• **AIM OF THE EXERCISE**
The answer is the data repeated in full, with no pictures included.

• **DATA EXCERPT**
====

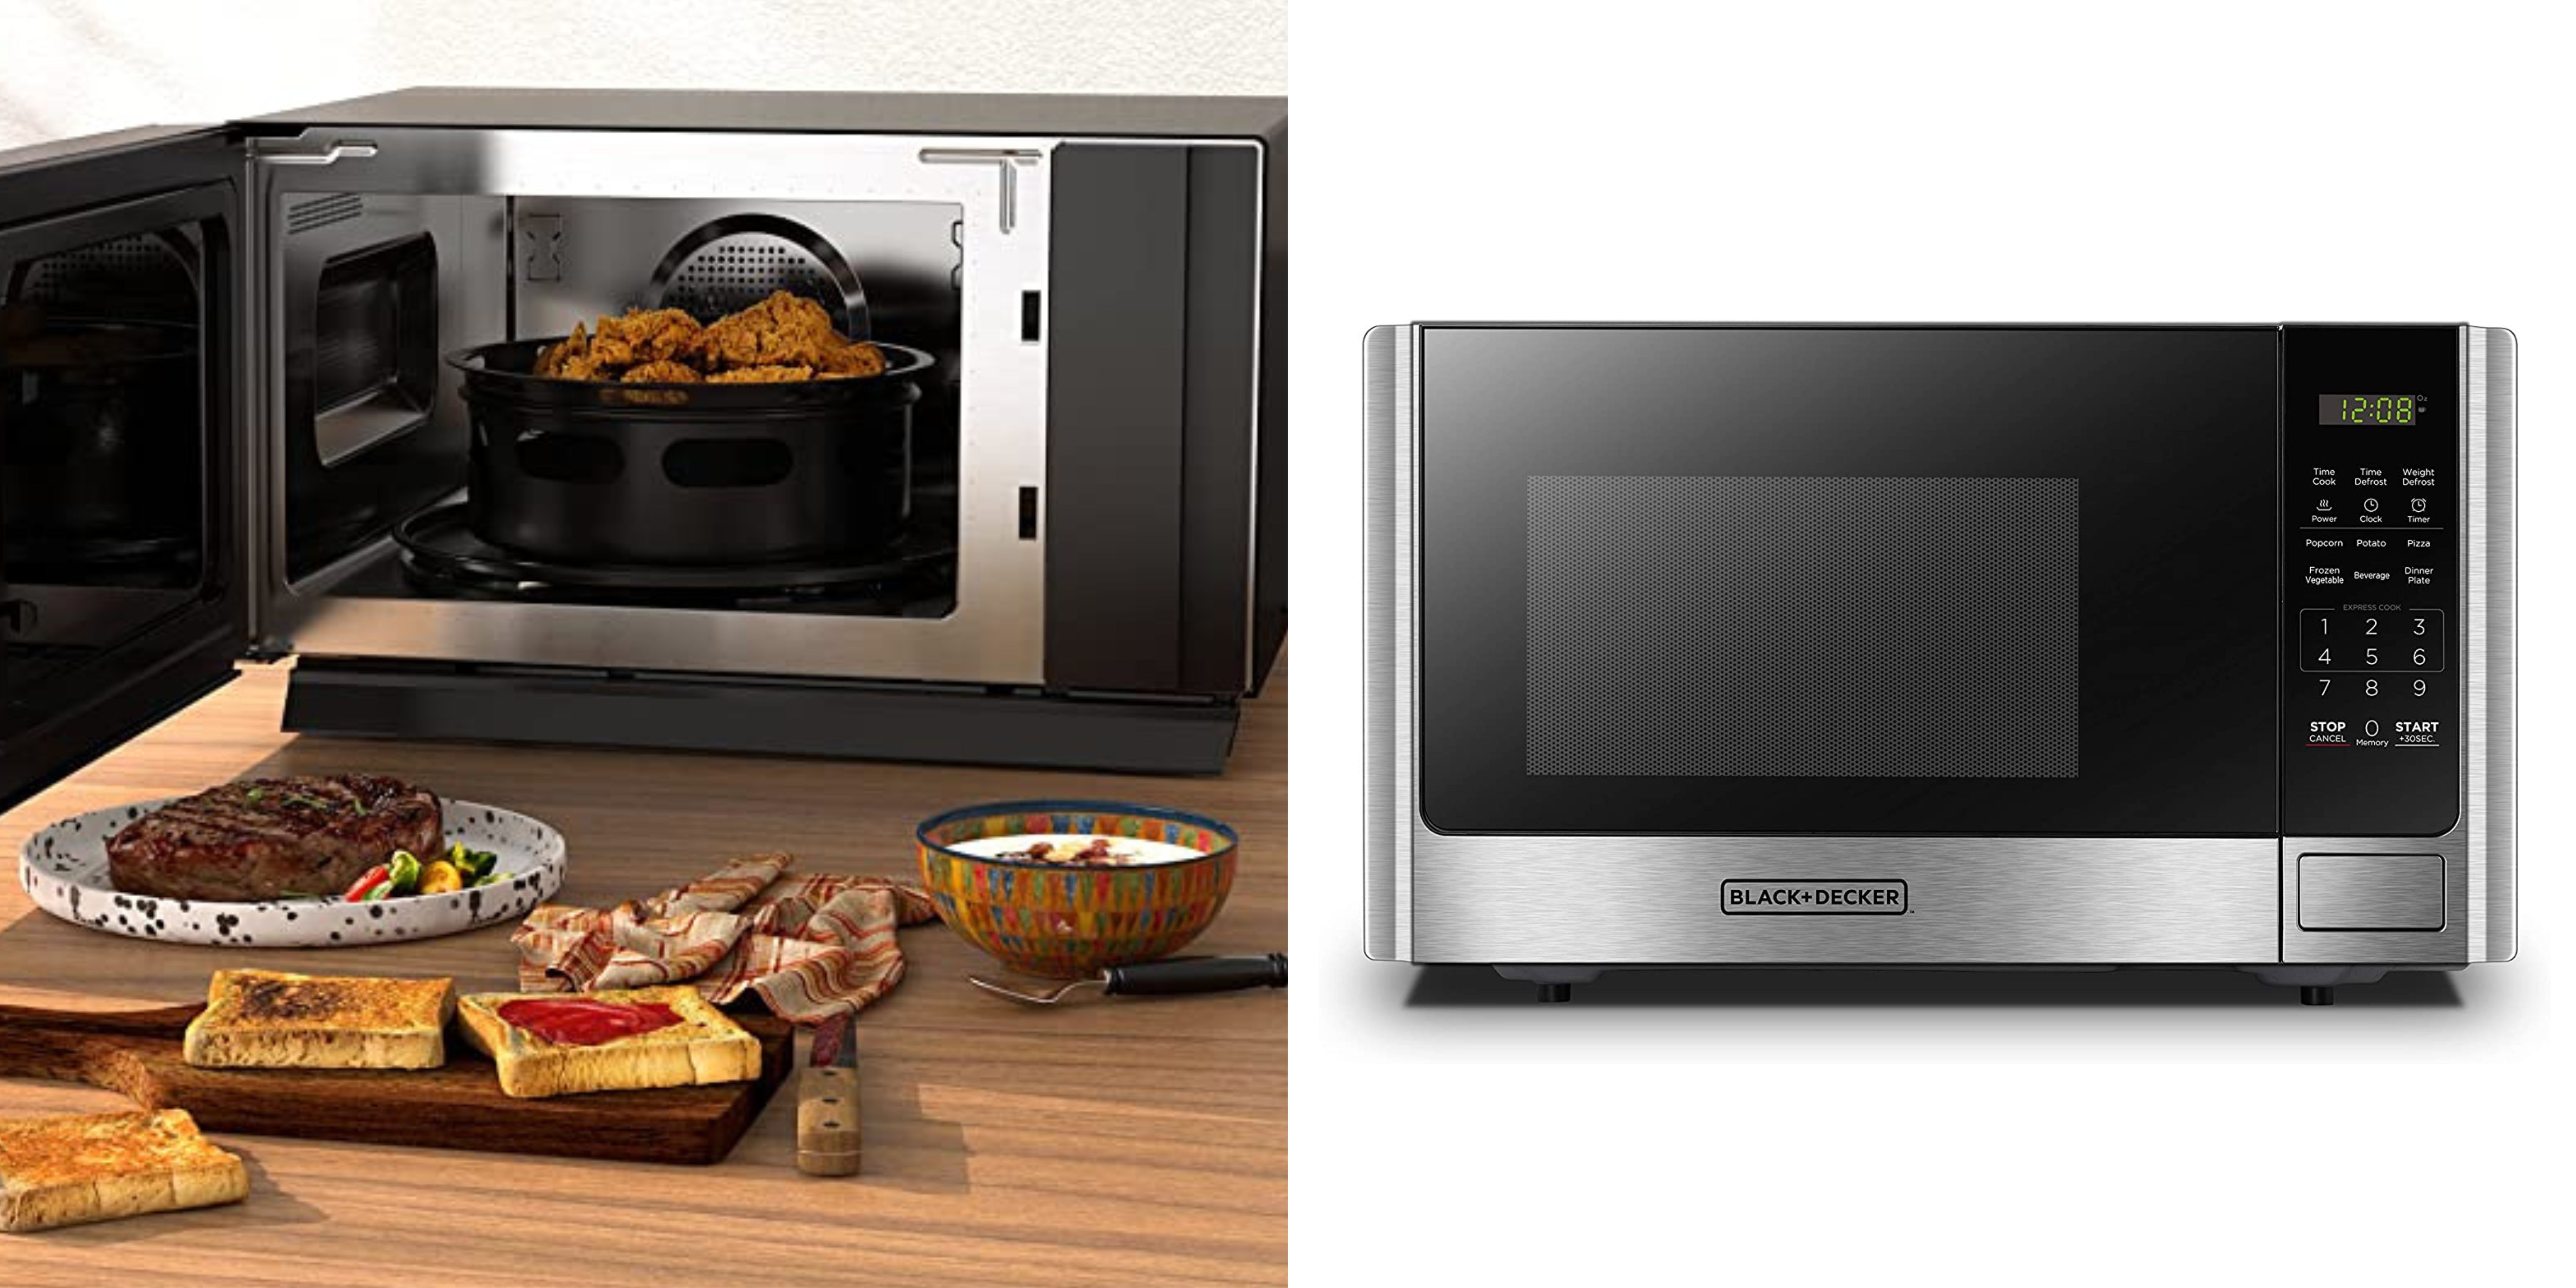 Toshiba 1.5-cu ft 1000-Watt Air Fry Countertop Microwave (Black
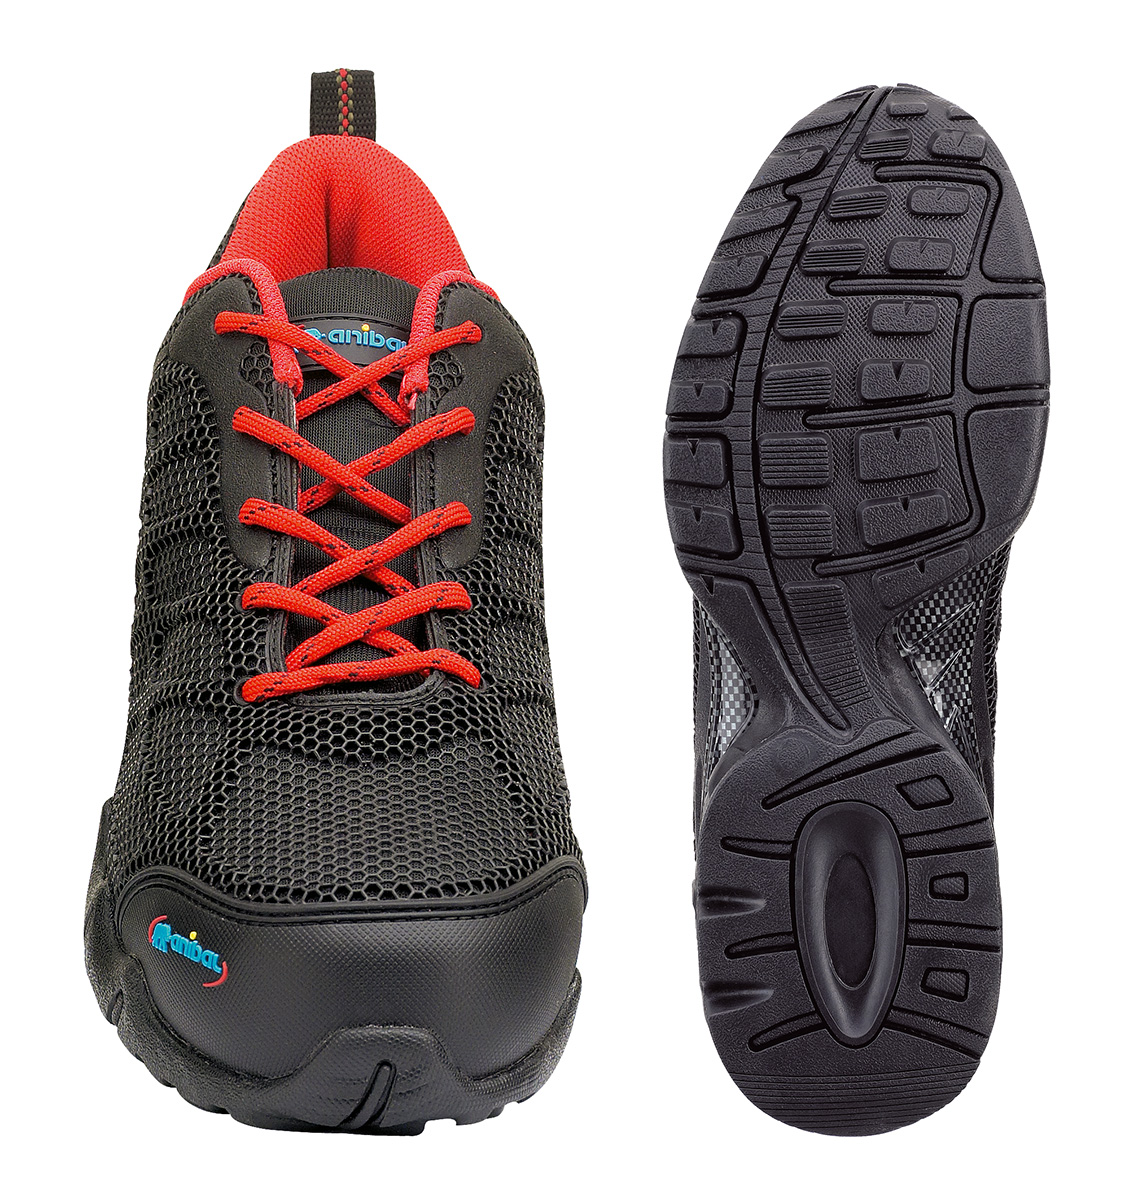 1688-ZDTN PRO Calzado de Seguridad Sporty Zapato mod. 
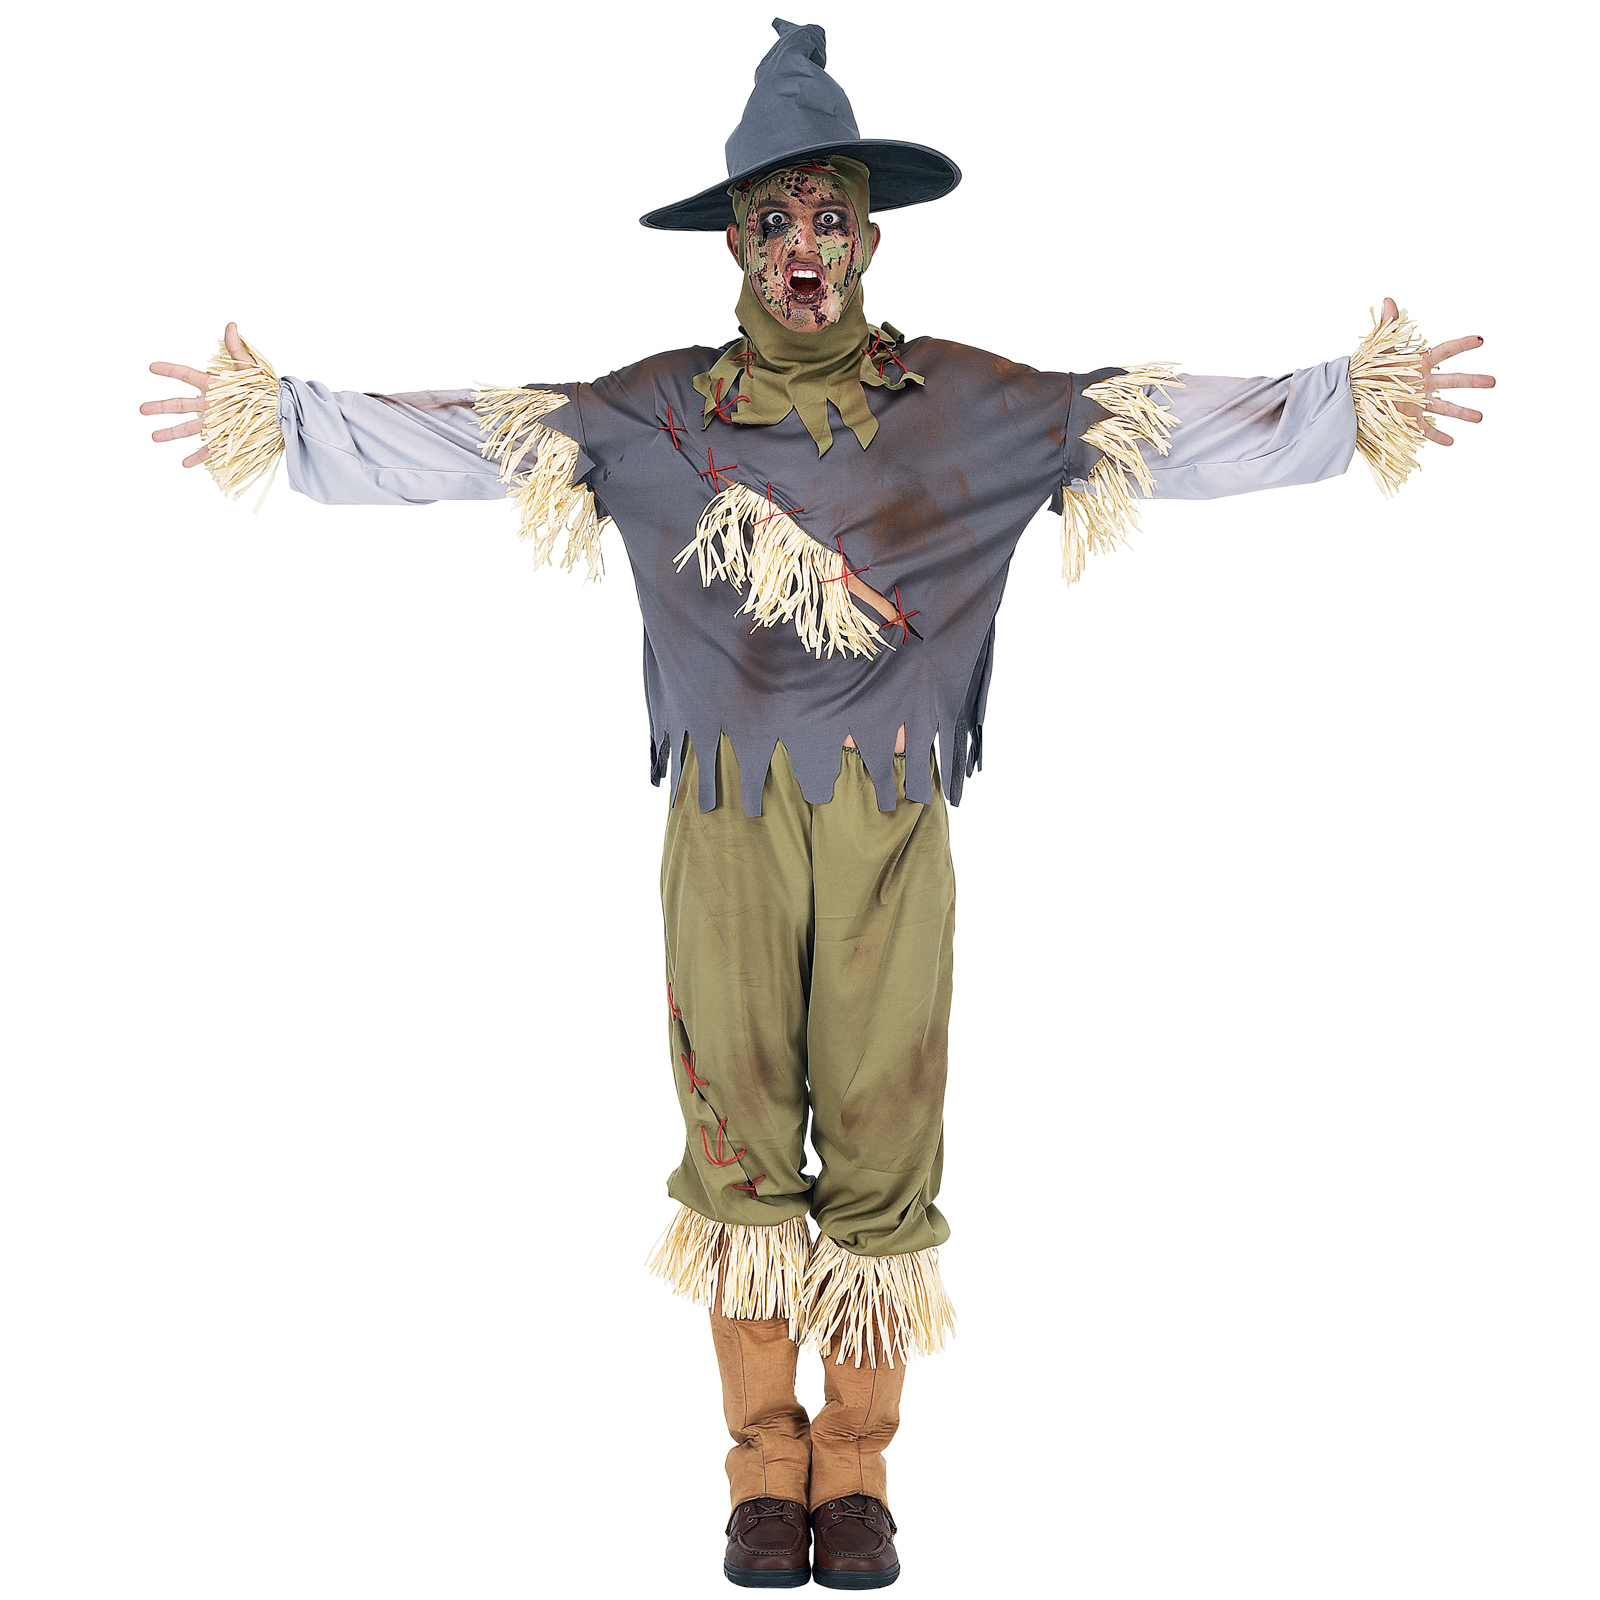 homemade scarecrow costume - kamaci images - Blog.hr

====

• **ANSWER**
 Toshiba 1.5-cu ft 1000-Watt Air Fry Countertop Microwave (Black
 1688-ZDTN PRO Calzado de Seguridad Sporty Zapato mod. 
 homemade scarecrow costume - kamaci images - Blog.hr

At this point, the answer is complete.